[Exercise data]

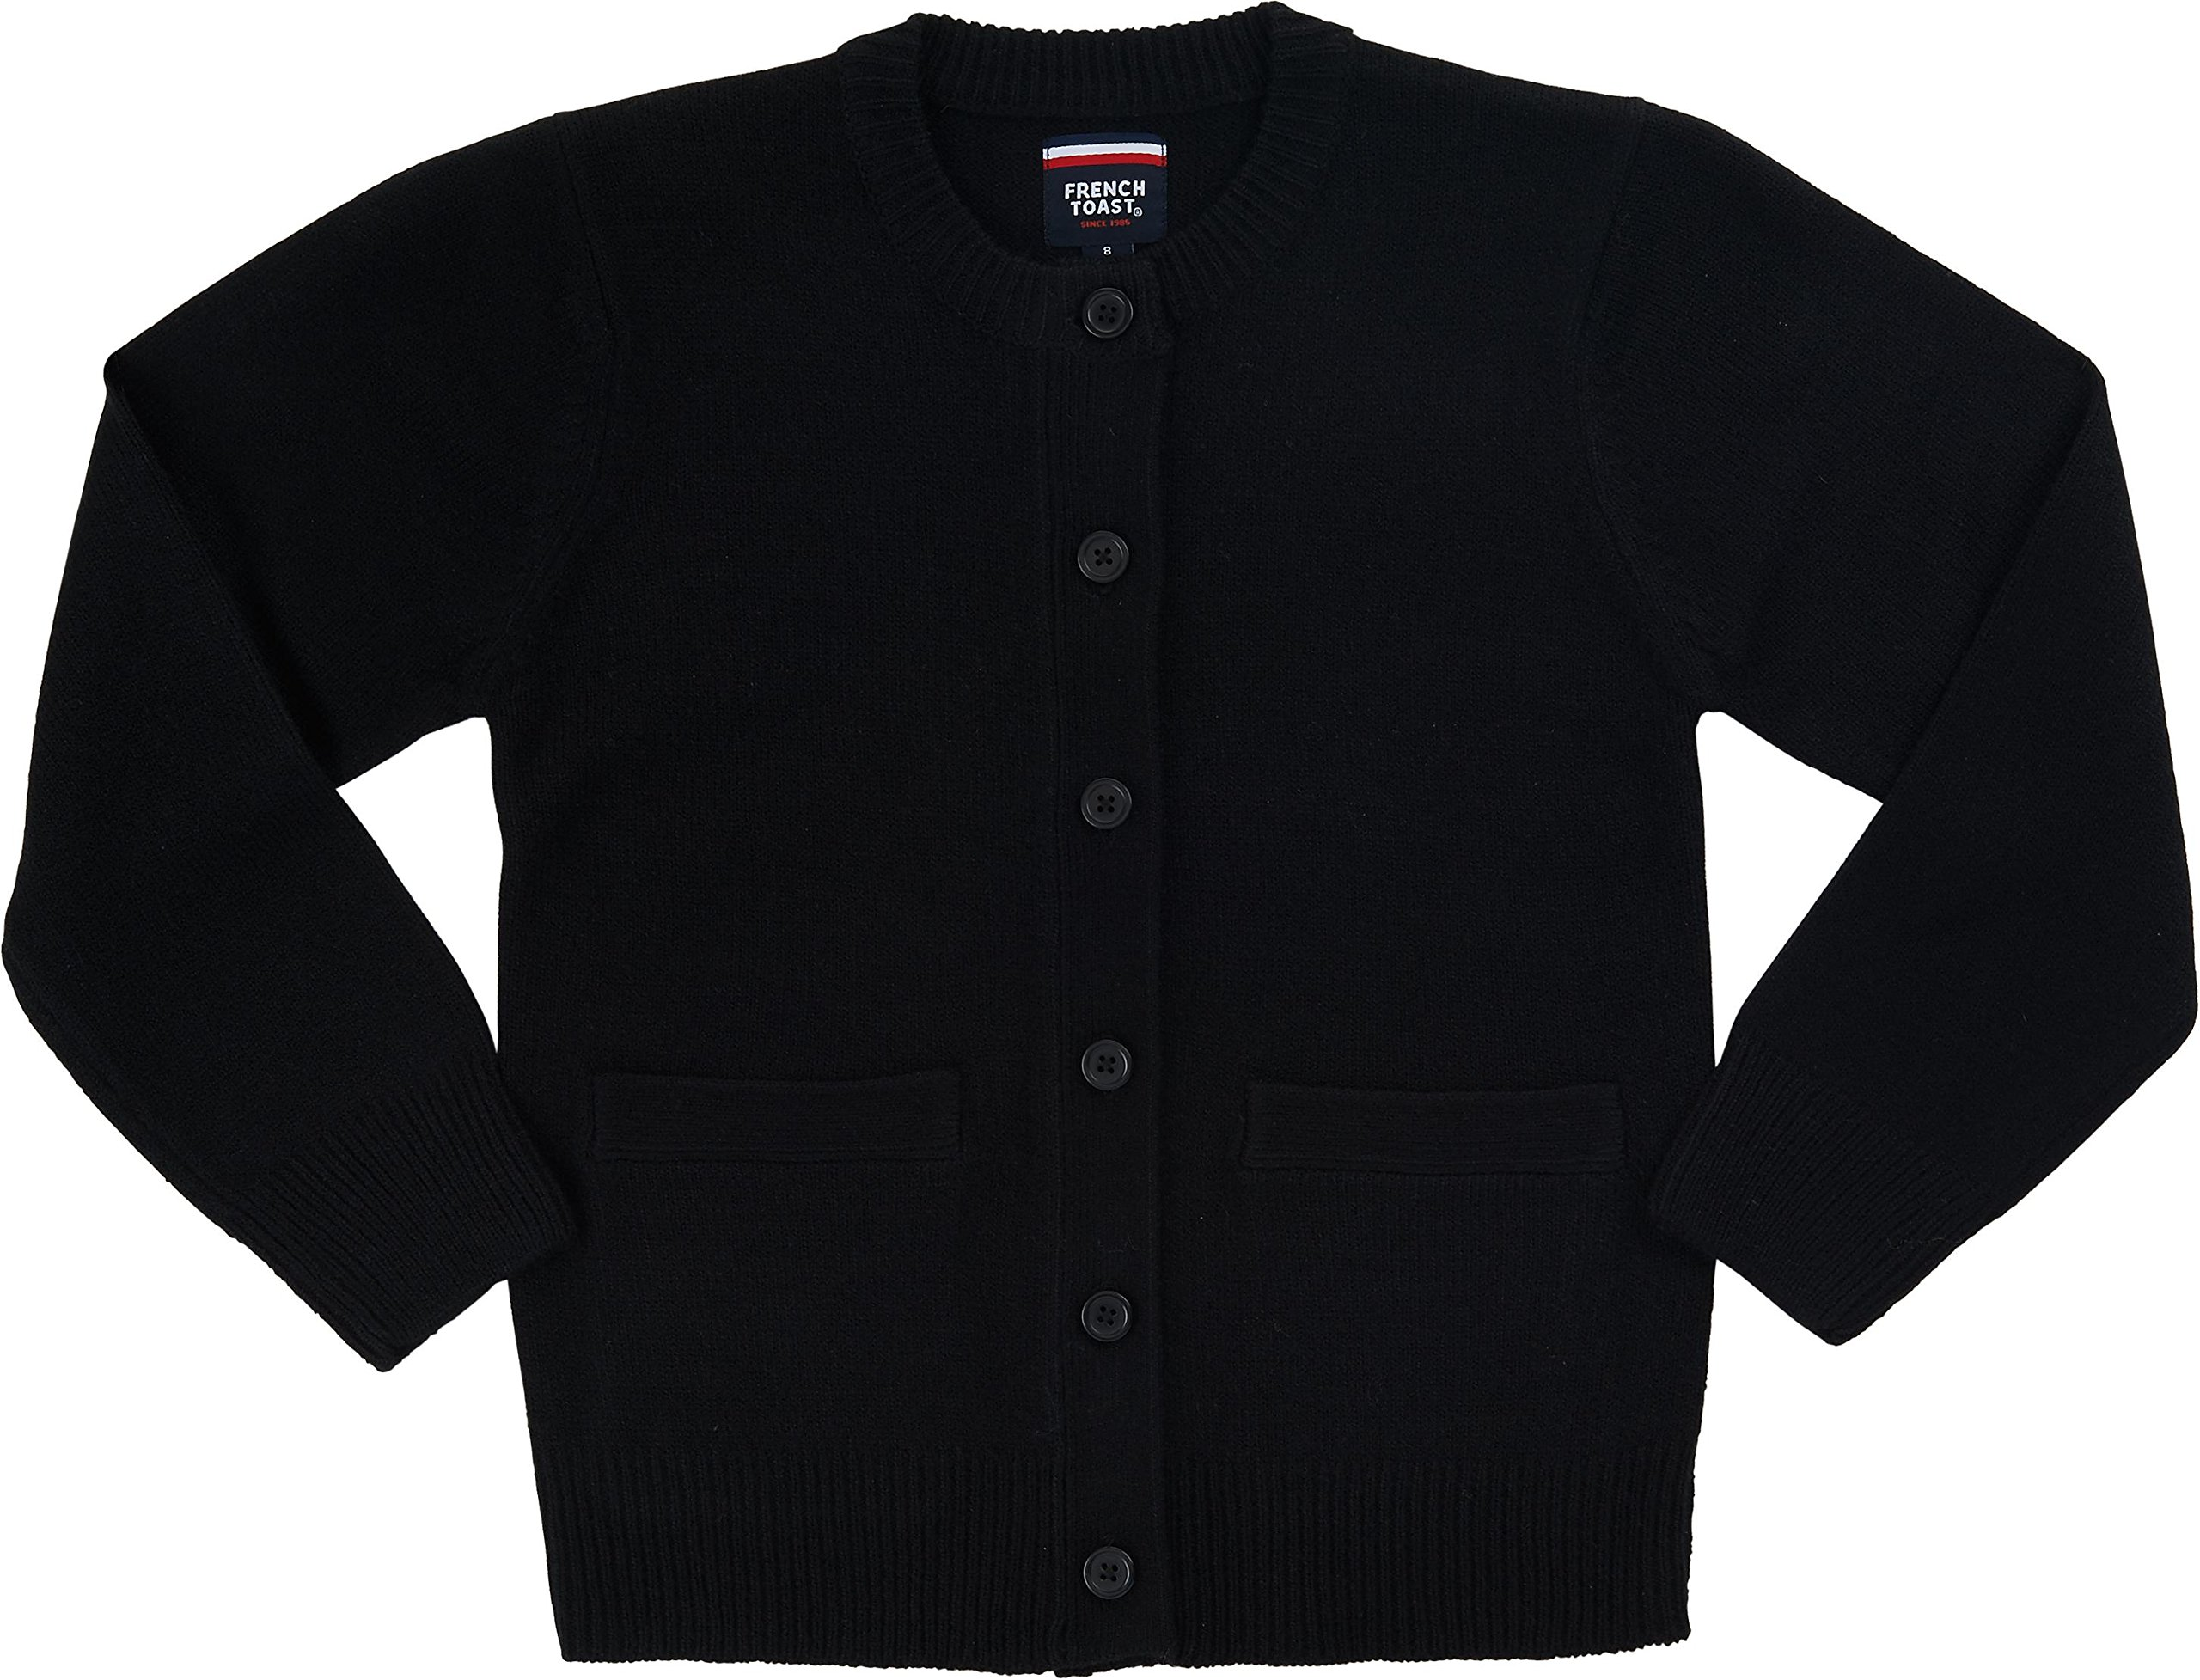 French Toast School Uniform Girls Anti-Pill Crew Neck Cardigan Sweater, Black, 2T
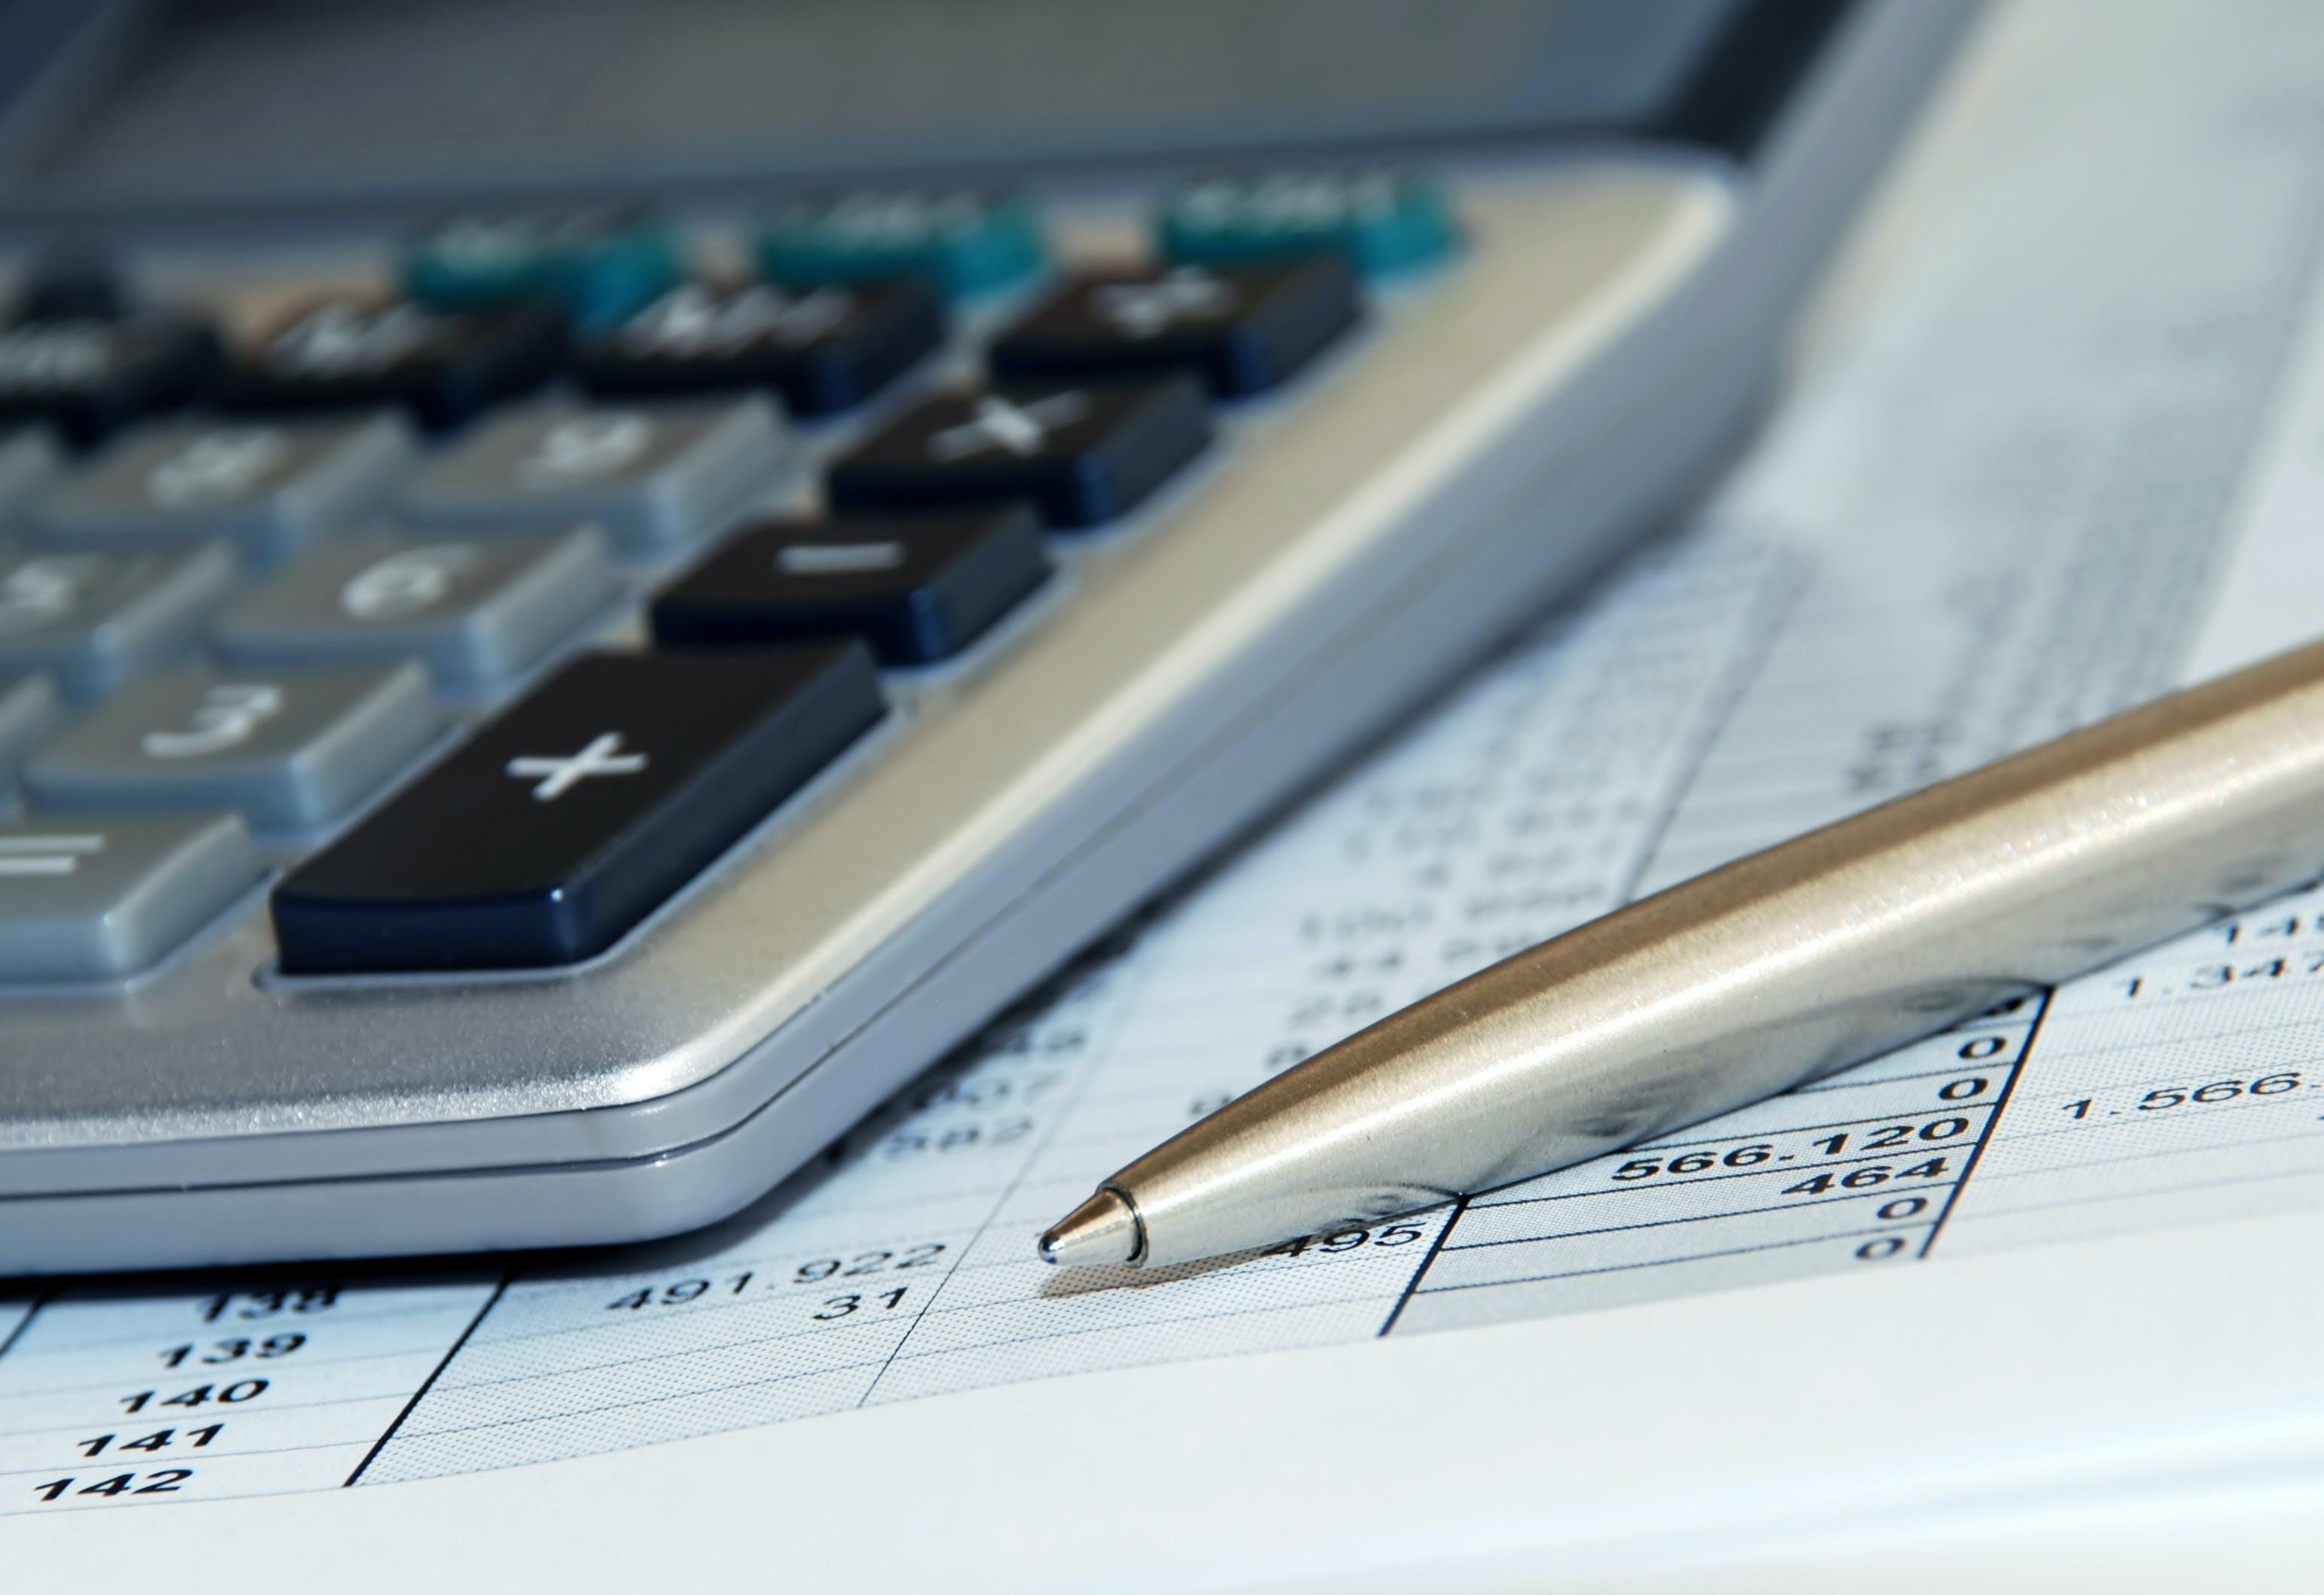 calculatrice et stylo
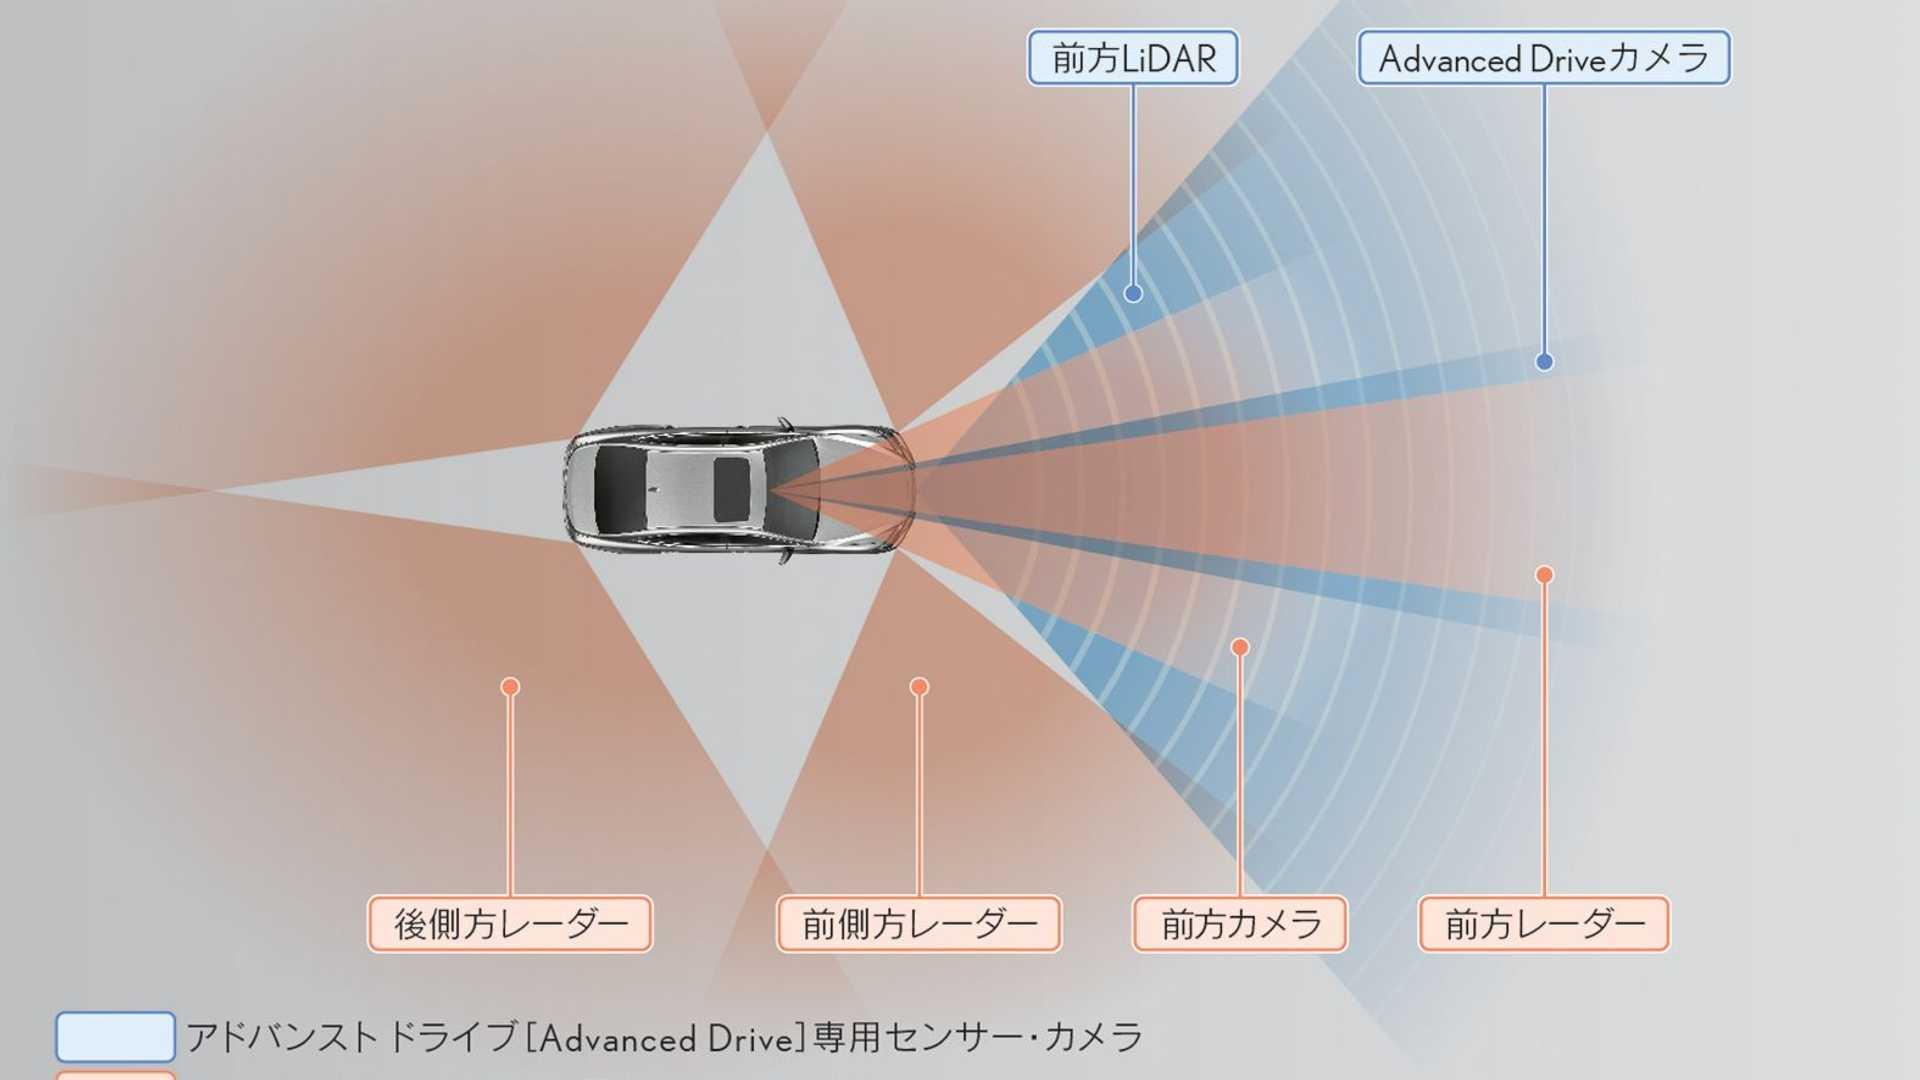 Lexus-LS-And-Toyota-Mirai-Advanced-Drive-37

[/Exercise data]

> **Activity**
Copy every line of the listing above exactly. Leave each picture out.

> **Solution for this problem**
 French Toast School Uniform Girls Anti-Pill Crew Neck Cardigan Sweater, Black, 2T
 calculatrice et stylo
 Lexus-LS-And-Toyota-Mirai-Advanced-Drive-37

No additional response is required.